Exercise:
Every line from the one containing "NEW Safurance 720P" through the end of the listing below must be given again exactly, and nothing else; exclude pictures.

Provided material START

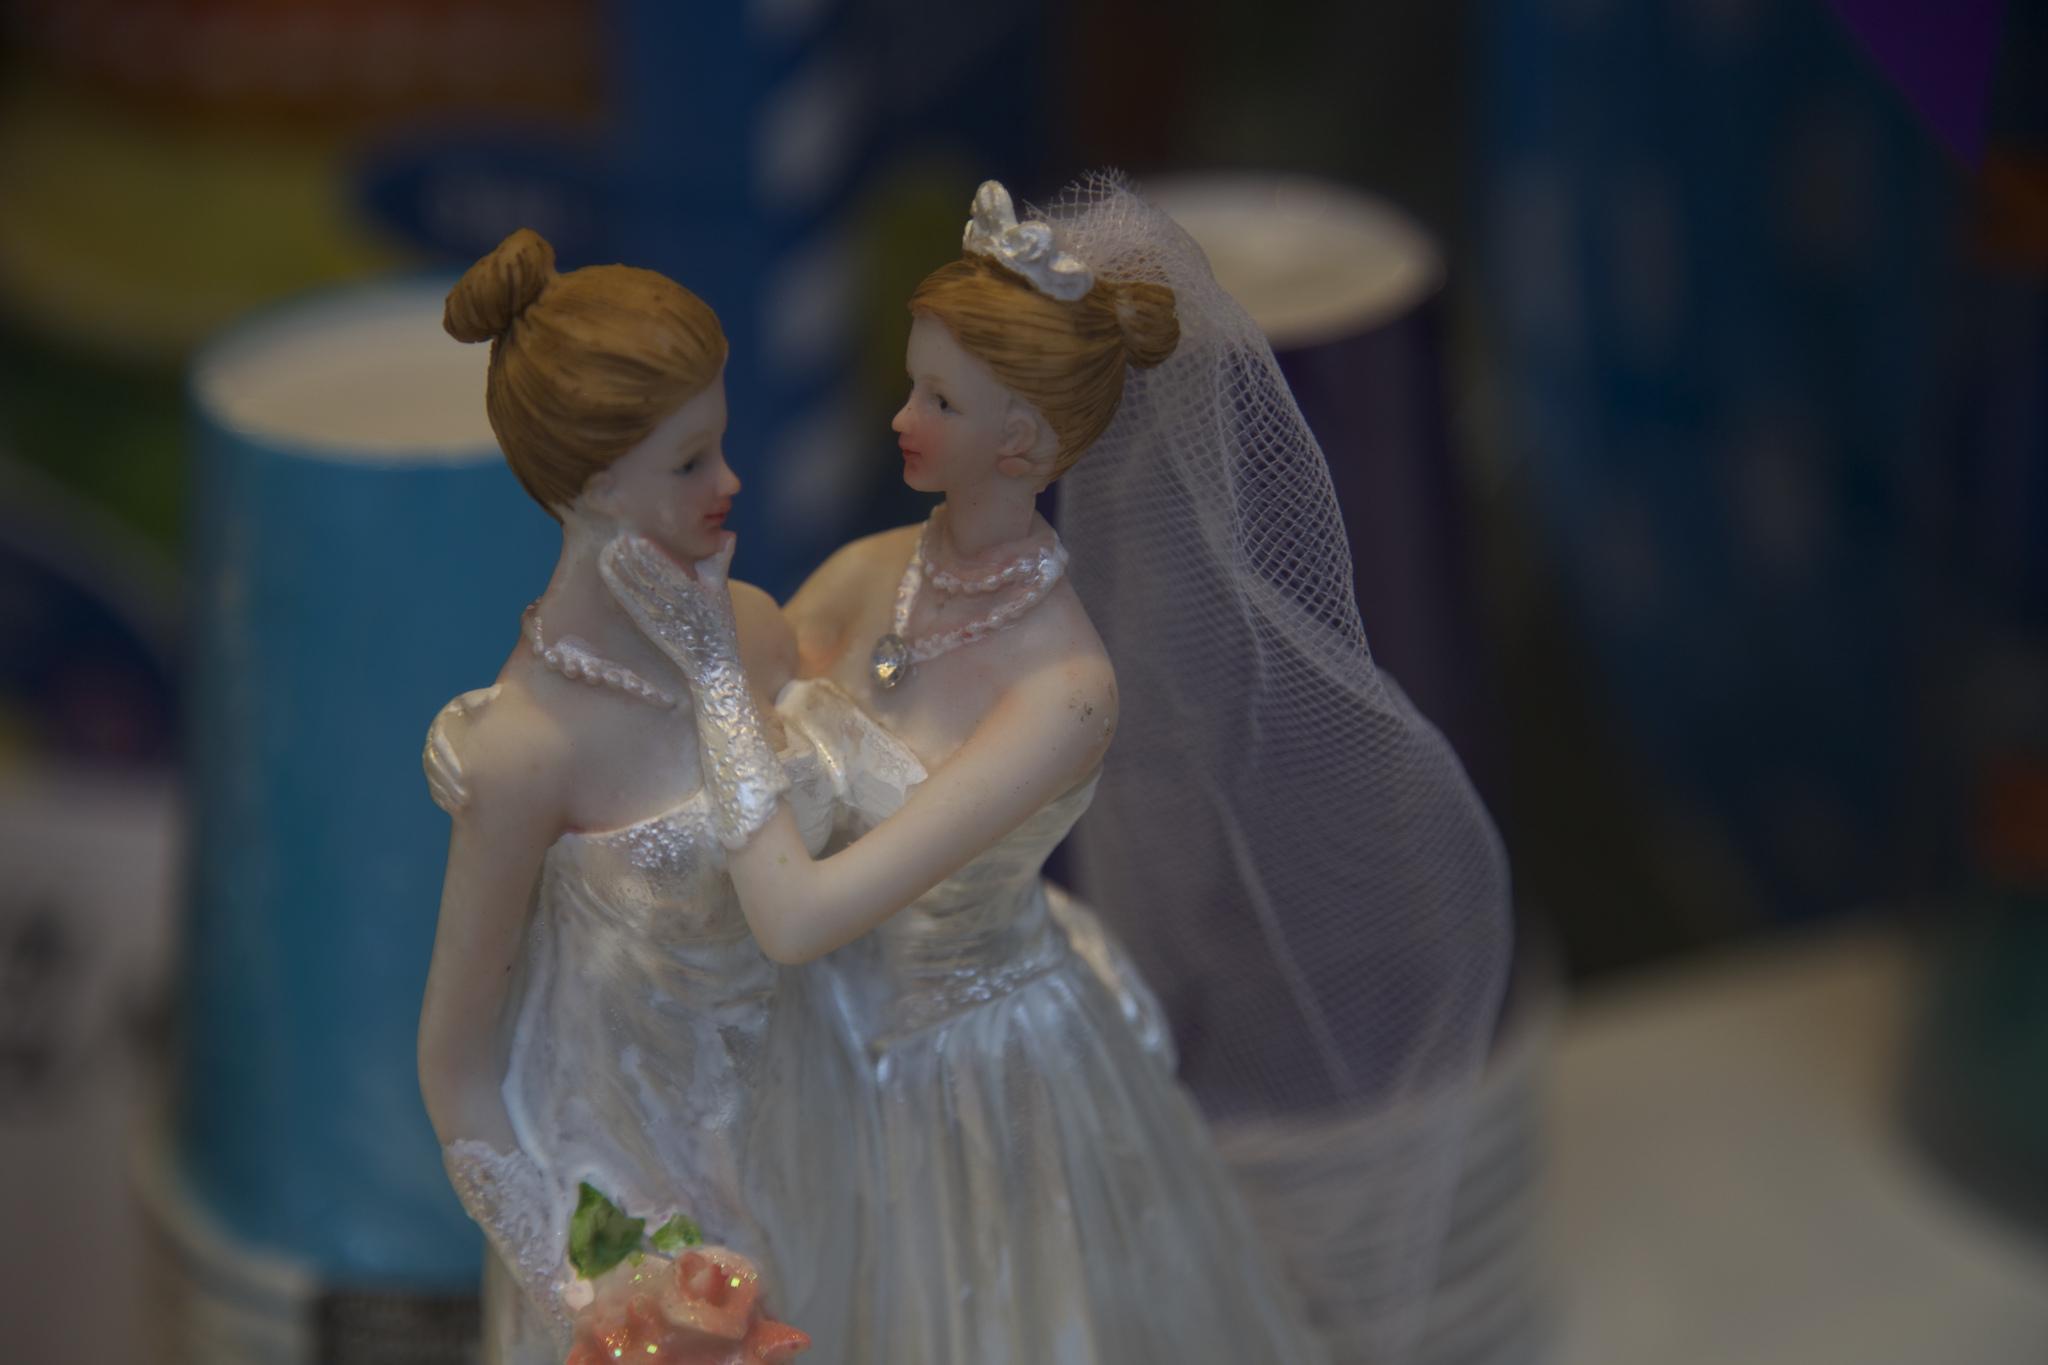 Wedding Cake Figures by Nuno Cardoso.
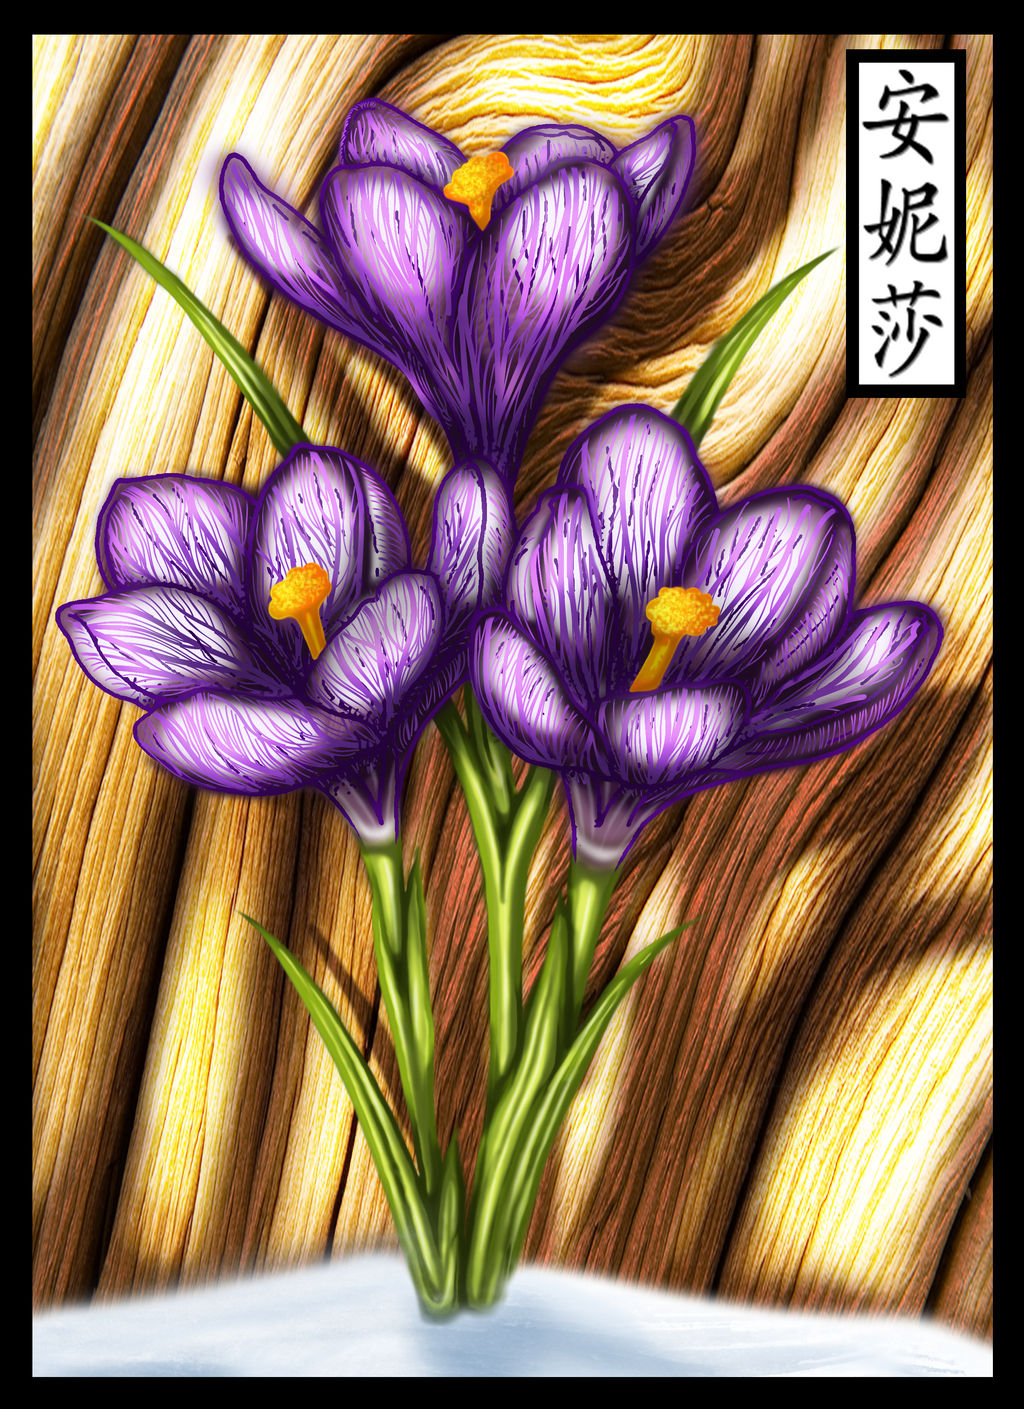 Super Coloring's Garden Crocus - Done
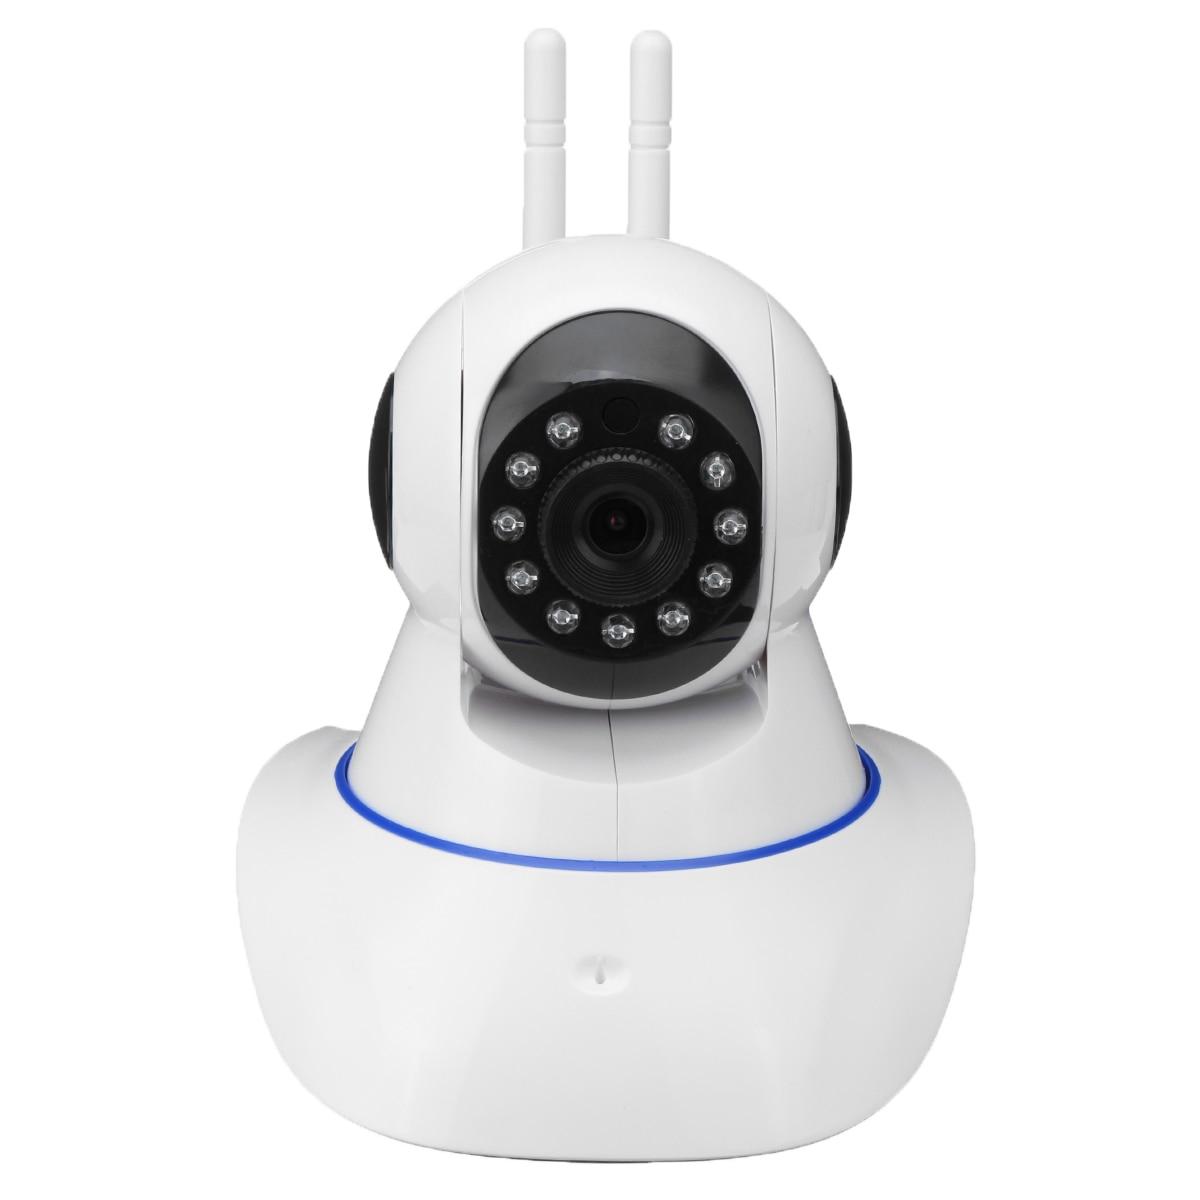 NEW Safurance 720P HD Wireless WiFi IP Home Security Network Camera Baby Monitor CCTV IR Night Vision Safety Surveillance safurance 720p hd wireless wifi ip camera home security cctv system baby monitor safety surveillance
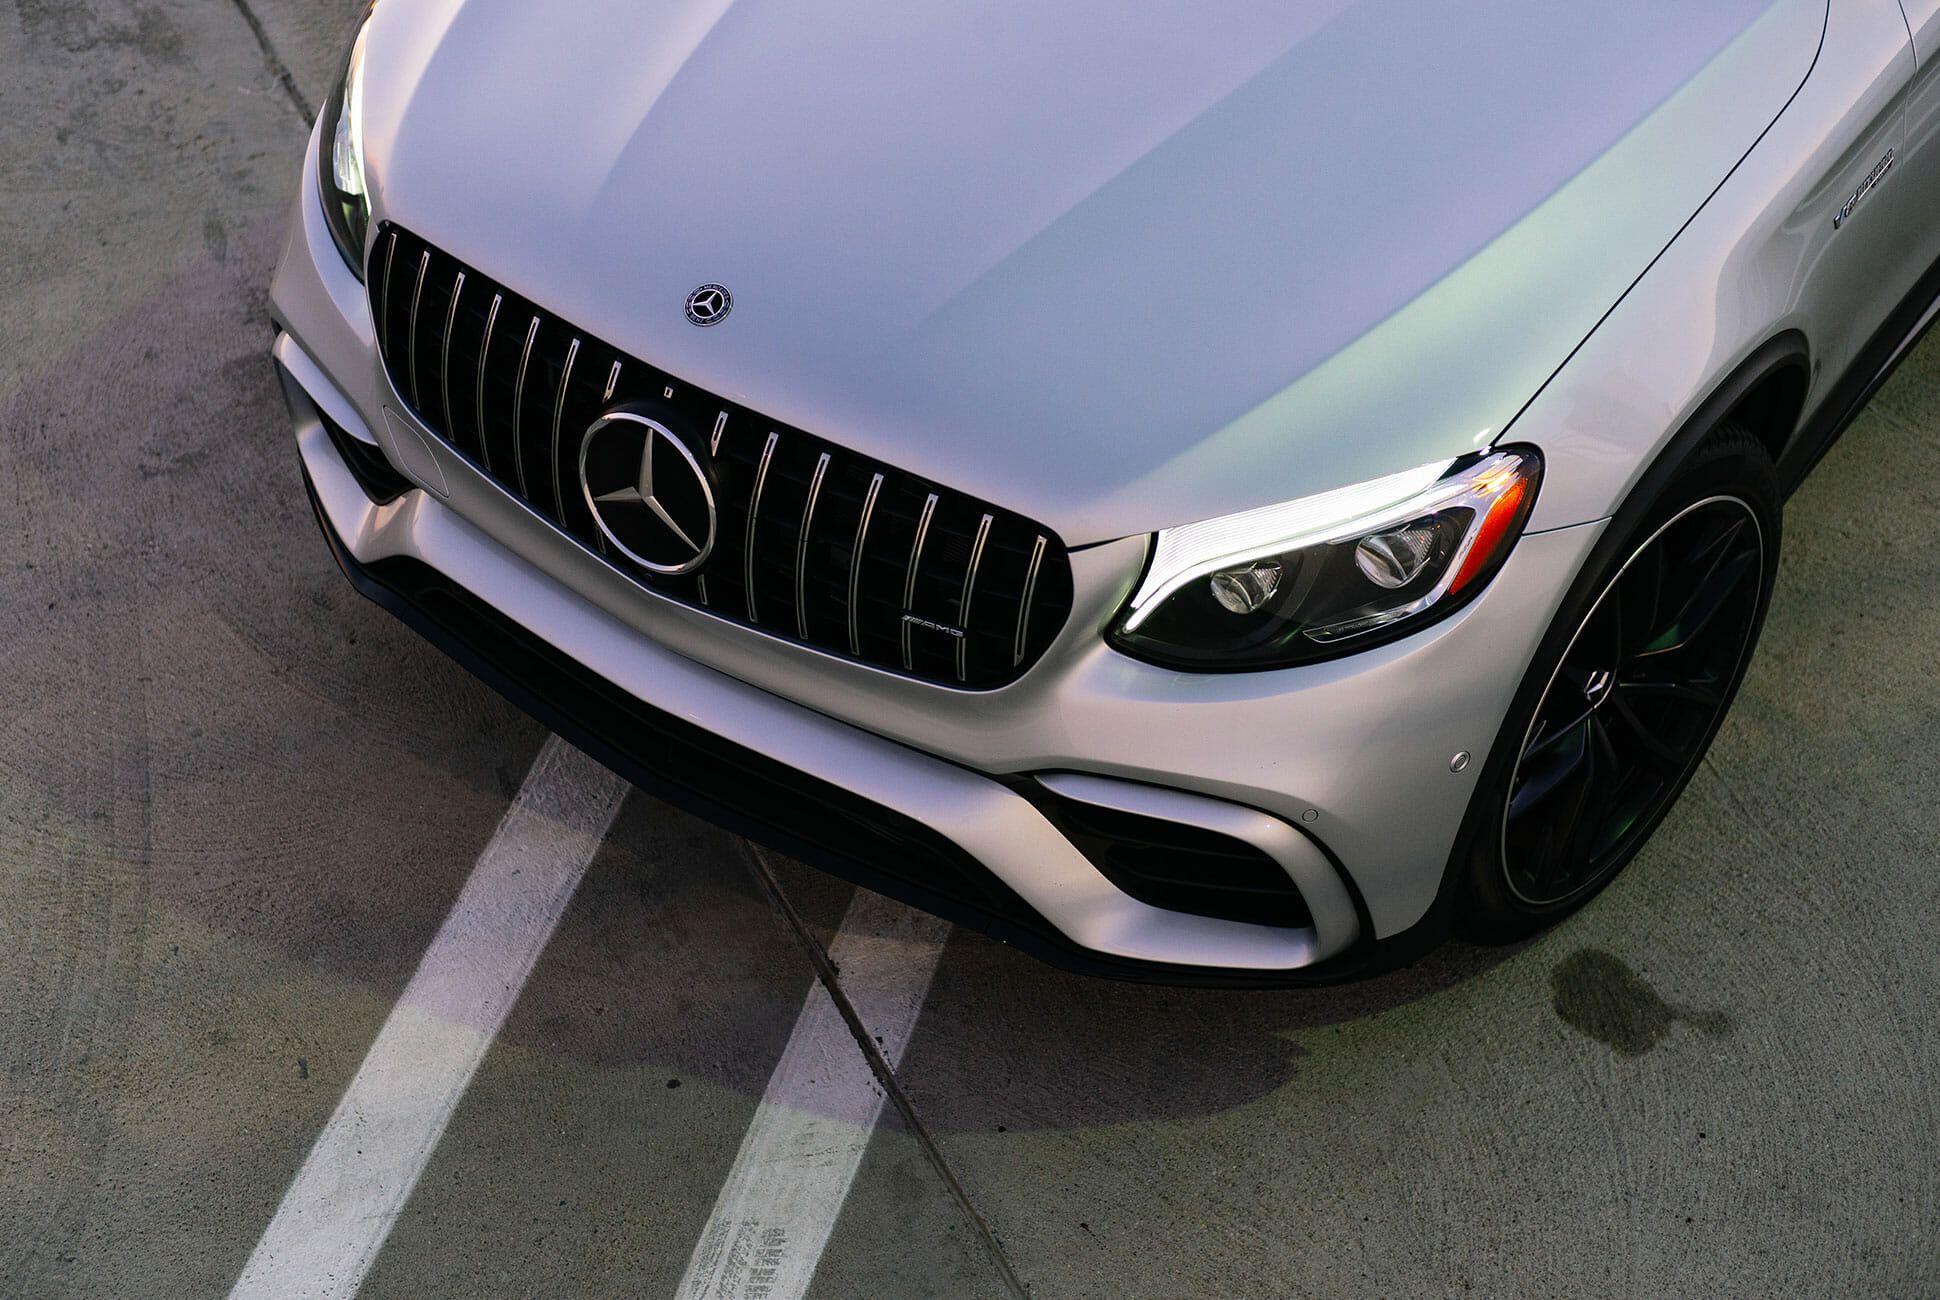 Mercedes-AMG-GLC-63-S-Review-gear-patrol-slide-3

Provided material END

Result below:
 NEW Safurance 720P HD Wireless WiFi IP Home Security Network Camera Baby Monitor CCTV IR Night Vision Safety Surveillance safurance 720p hd wireless wifi ip camera home security cctv system baby monitor safety surveillance
 Mercedes-AMG-GLC-63-S-Review-gear-patrol-slide-3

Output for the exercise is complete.